▸ **Stored data**
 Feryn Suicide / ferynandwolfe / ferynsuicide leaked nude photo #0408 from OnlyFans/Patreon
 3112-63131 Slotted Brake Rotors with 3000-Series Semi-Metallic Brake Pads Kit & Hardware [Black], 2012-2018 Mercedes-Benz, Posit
...
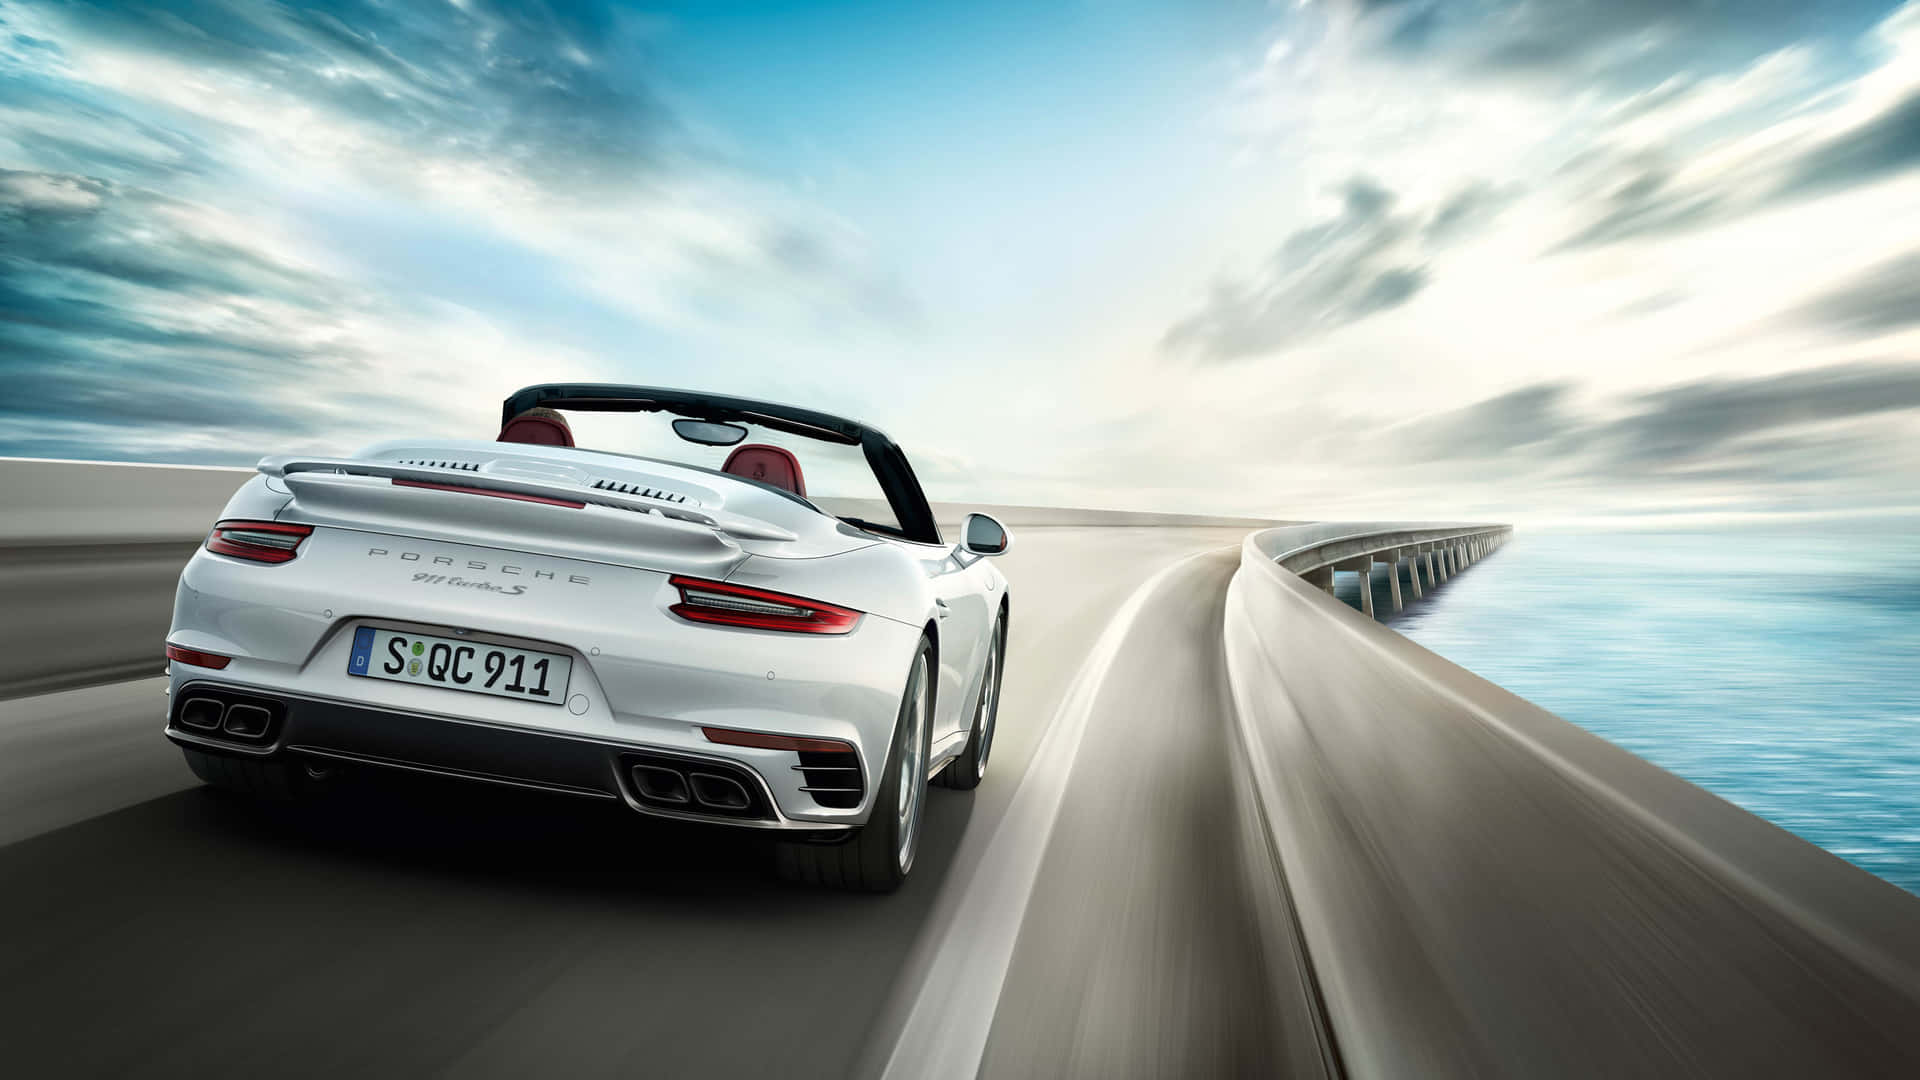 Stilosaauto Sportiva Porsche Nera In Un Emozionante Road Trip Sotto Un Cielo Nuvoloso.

▸ **About this task**
Look through the material above and print exactly the lines from the one containing "Feryn Suicide /" to the one containing "3112-63131 Slotted Brake", both included, and nothing more.

▸ **Exercise result**
 Feryn Suicide / ferynandwolfe / ferynsuicide leaked nude photo #0408 from OnlyFans/Patreon
 3112-63131 Slotted Brake Rotors with 3000-Series Semi-Metallic Brake Pads Kit & Hardware [Black], 2012-2018 Mercedes-Benz, Posit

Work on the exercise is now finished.